- Born: 1859
- Died: March 17, 1913 (aged 53–54) Buffalo, New York, US
- Occupations: Poet, critic, editor, and publisher
- Notable work: The Magazine of Poetry and Literary Review and A Woman of the Century

= Charles Wells Moulton =

American poet, critic, editor, and publisher

Charles Wells Moulton (/ˈmoʊltən/; 1859 – March 17, 1913) was an American poet, critic, editor, and publisher. He was the founding editor of The Magazine of Poetry and Literary Review, and the publisher of A Woman of the Century (1893).

== Early life ==
Moulton was one of the sons of Byron Moulton, a prominent bridge builder and sheep breeder in New York State.

== Career ==
Moulton was the founding editor of The Magazine of Poetry and Literary Review, and the publisher of A Woman of the Century (1893).
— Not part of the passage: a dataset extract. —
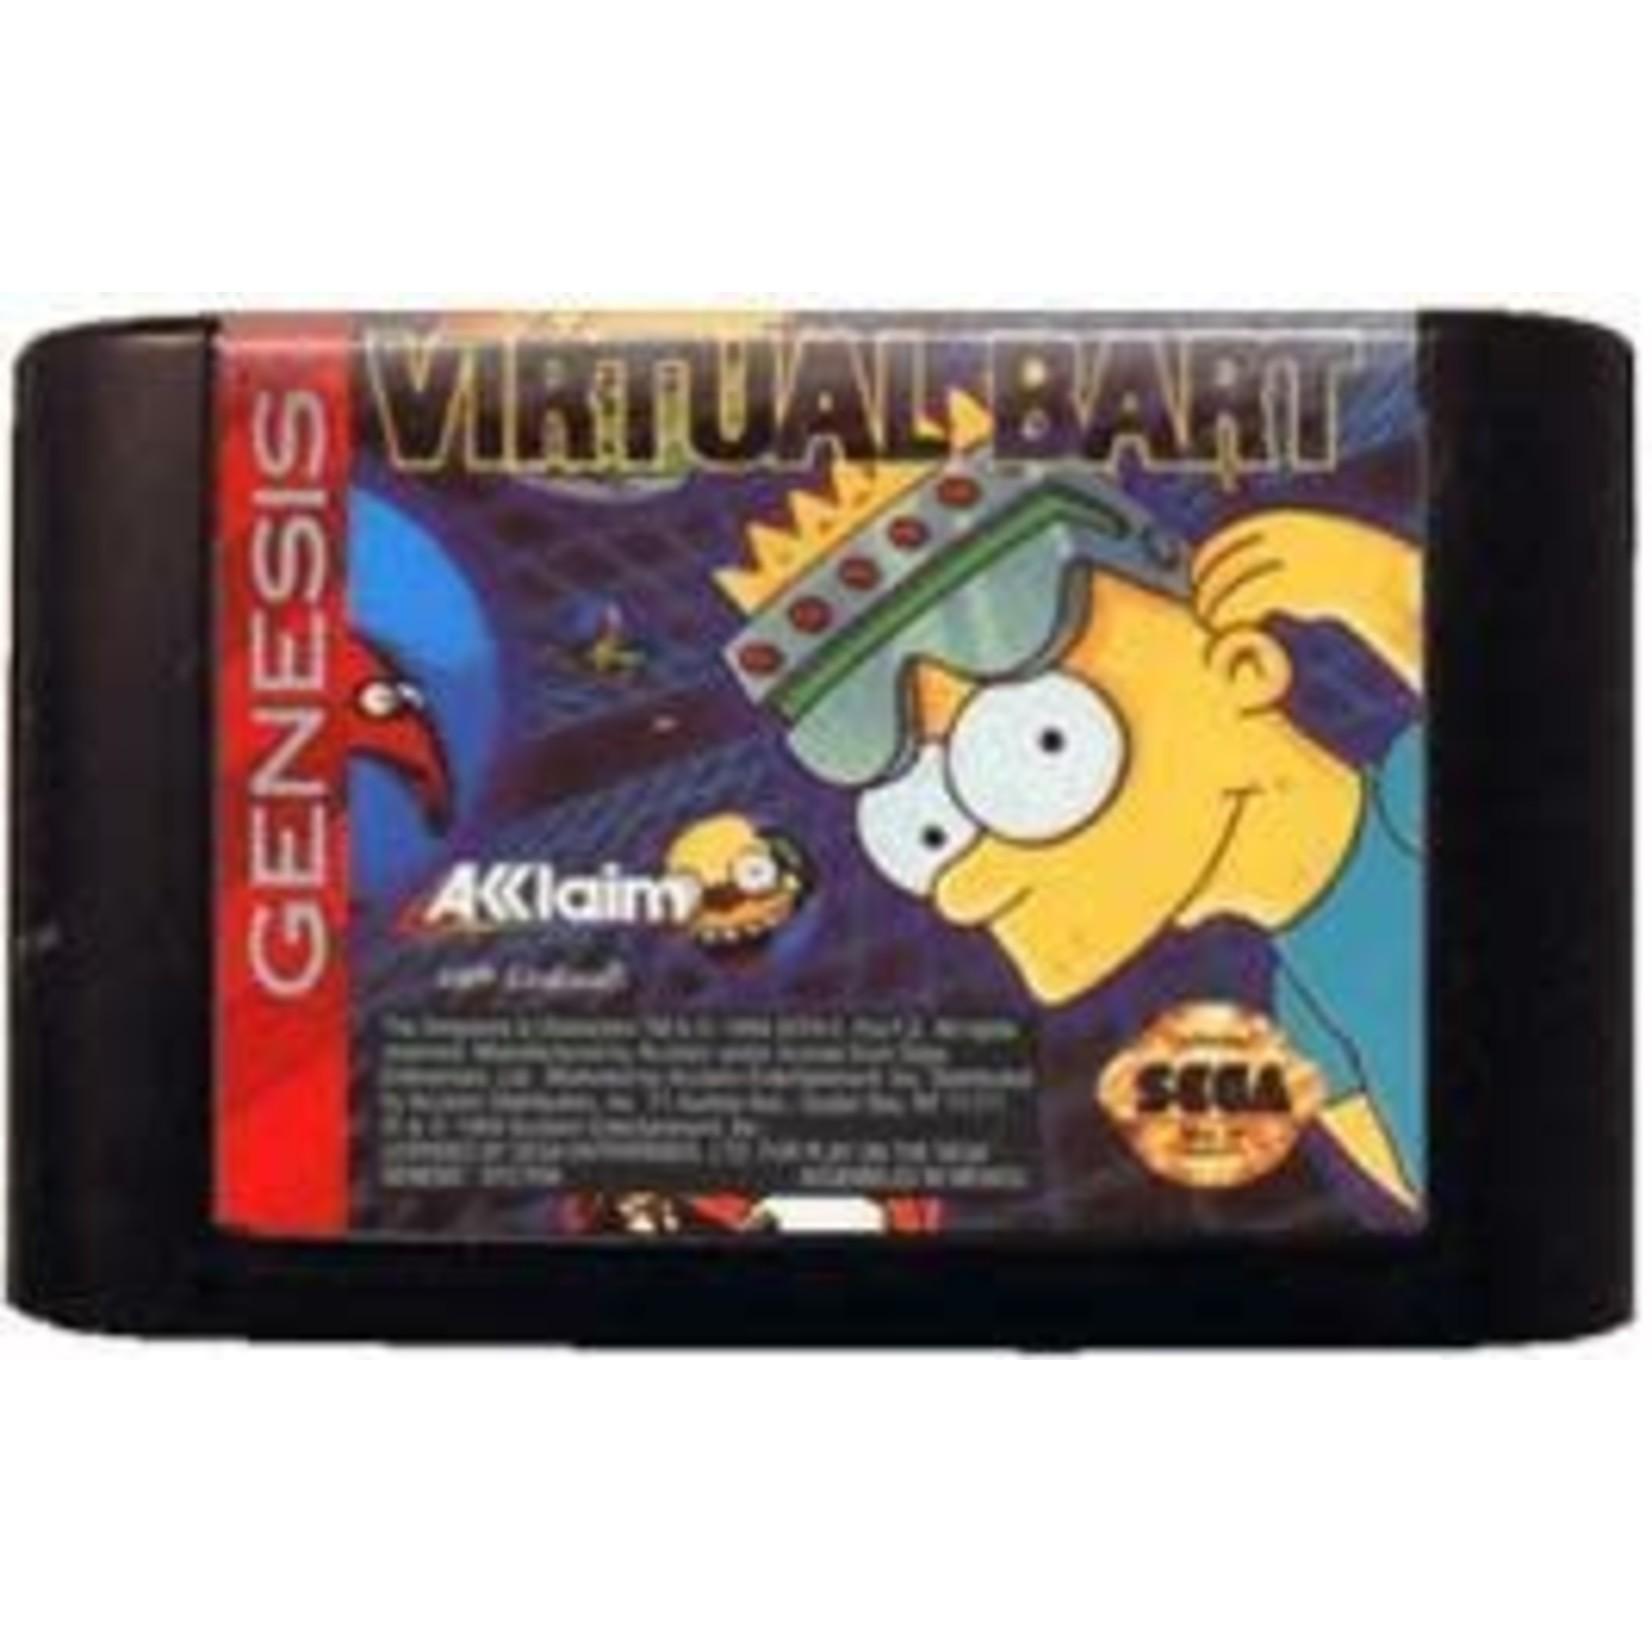 sgu-Virtual Bart (cartridge)

He also compiled a collection of poems about women, In My Lady's Name (1896), and a series of publications called The Doctor's Recreation Series, beginning in 1904. As a publisher and editor, Moulton worked with many women writers, including Lucy H. Washington, Hester A. Benedict and Florence Paillou,

== Personal life ==
Moulton died in Buffalo, New York, in 1913, at age 53, from heart disease.